Book reviews, Pullitzer, Booker, Costa and Children's Book reviews
Book reviews, Pullitzer, Booker, Costa and Children's Book reviews
Prize Winning Fiction
Prize Winning Fiction

2002 Pulitzer Prize for Fiction Winner

Empire Falls by Richard Russo


Publisher: Vintage

Length: 496 pages

About: American blue-collar heartache and hilarity

Style: 3rd person

Where: Maine, US

When: 1990s



Publisher’s synopsis:

Miles Roby has been slinging burgers at the Empire Grill for 20 years, a job that cost him his college education and much of his self-respect. What keeps him there? It could be his bright, sensitive daughter Tick, who needs all his help surviving the local high school. Or maybe it’s Janine, Miles’ soon-to-be ex-wife, who’s taken up with a noxiously vain health-club proprietor. Or perhaps it’s the imperious Francine Whiting, who owns everything in town–and seems to believe that “everything” includes Miles himself.




Perhaps he was frightened by the sheer prospect of matrimony, of marrying a girl he would one day want to murder.
Elijah Whiting, now nearing one hundred, had not succeeded in killing his wife with the shovel, nor had he recovered from the disappointment. The two of them still lived in the carriage house, old Elijah clinging to his misery and his bitter wife clinging to him.





In the Empire Grill he has created a place so involving that not only can you see and smell it, but you start to feel a bit left out of the gin rummy.
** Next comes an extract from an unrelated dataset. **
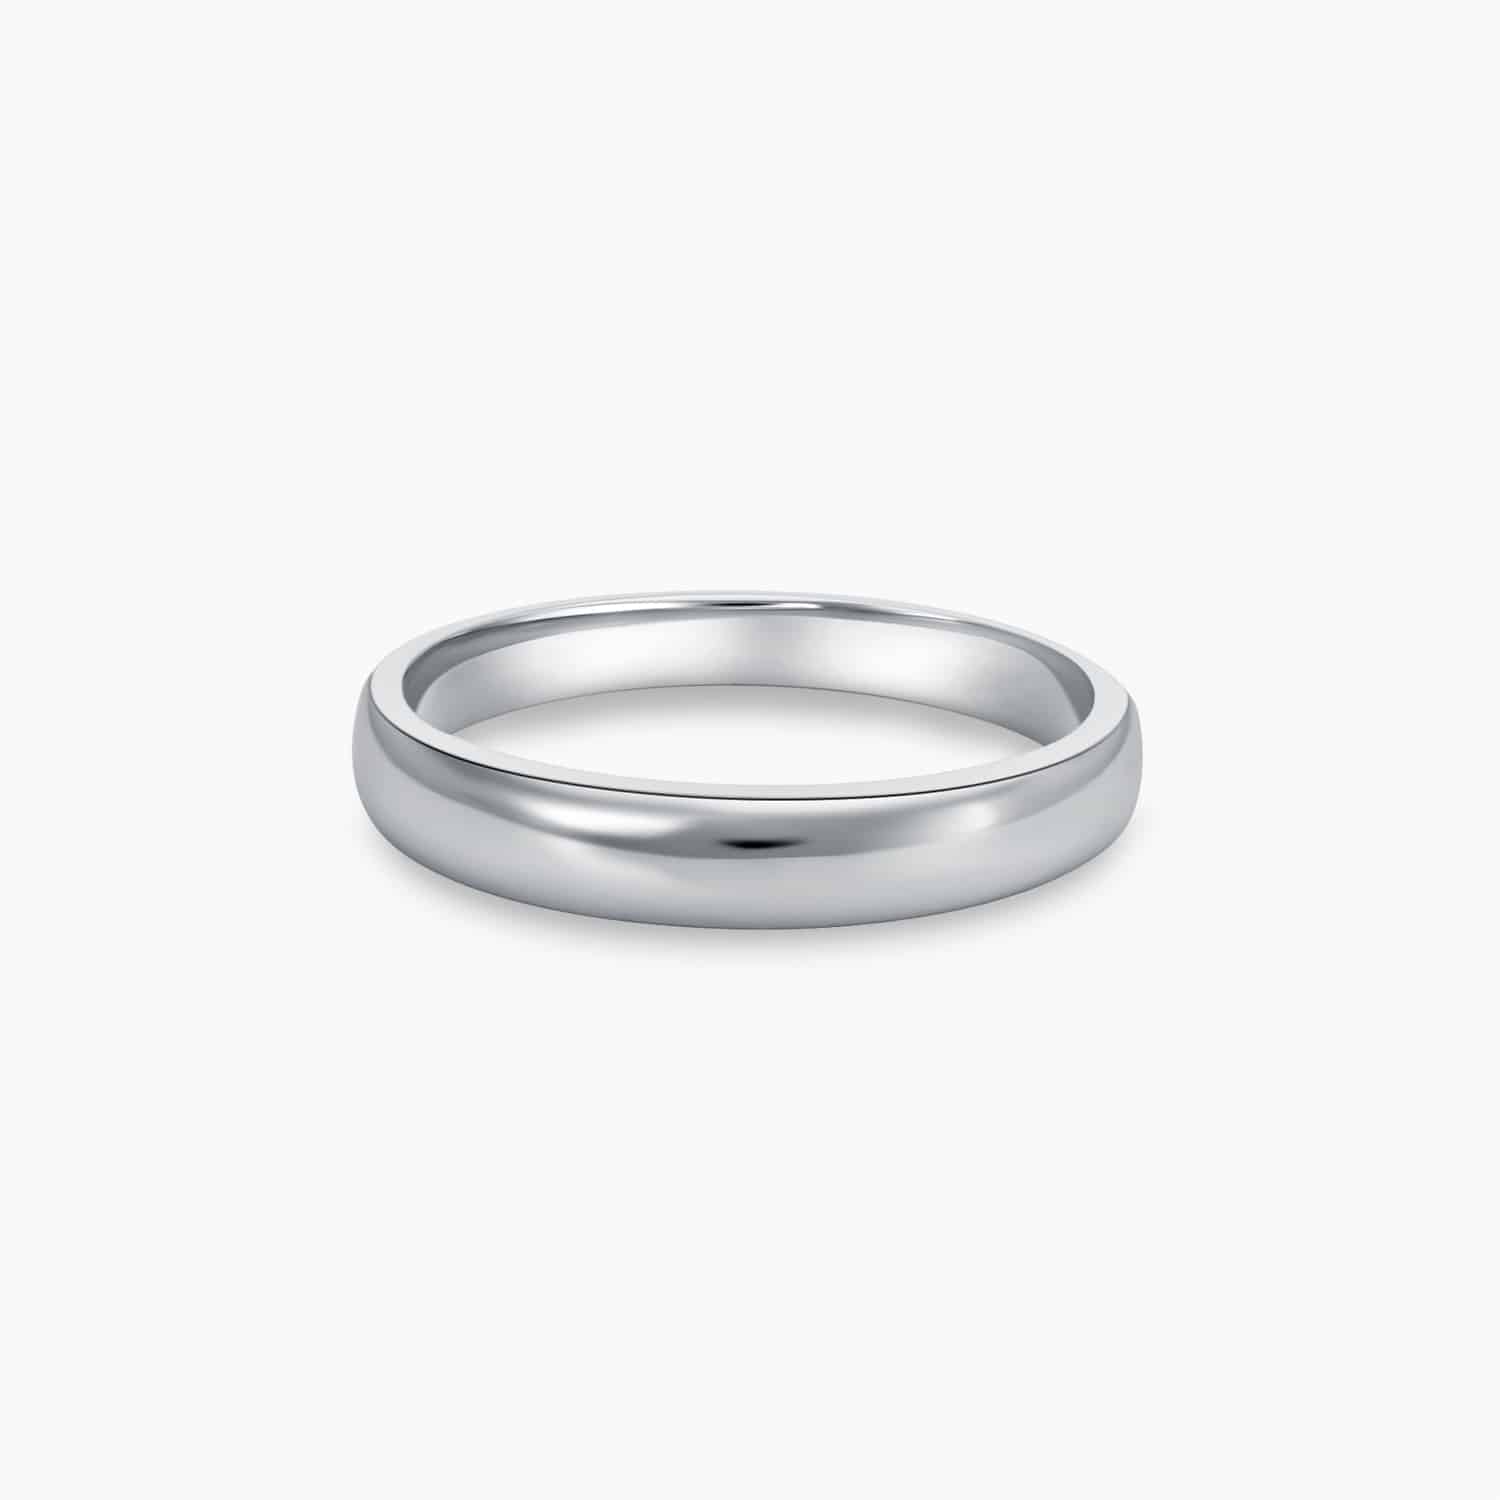 LVC DESIRIO CLASSIC WEDDING BAND IN WHITE GOLD a white gold engagement wedding ring or wedding band for men in 18k white gold

Russo makes an enormous job of story-telling look effortless. He is, in all the best senses of the word, a natural.

The Sunday Times, Lynne Truss, 22nd July 2001



Not so good:

Given the violence at the end, not to mention references to adultery, masturbation and dumb-as-a-post teachers and coaches, few English teachers may have the guts to recommend Empire Falls to their students.
That's too bad. It's a rare novel, thoughtful and entertaining, that can be savored by both adults and teenagers.

Bob Minzesheimer, USA TODAY 31st May 2001




About the author

Russo was born July 15 1949 in Johnstown, New York, and raised in nearby Gloversville. He earned a Bachelor's degree, a Master of Fine Arts degree, and a Doctor of Philosophy degree from the University of Arizona, which he attended from 1967 through 1979.


Russo and his wife, Barbara, live in Camden, Maine, and spend winters in Boston. The couple have two daughters, Kate and Emily.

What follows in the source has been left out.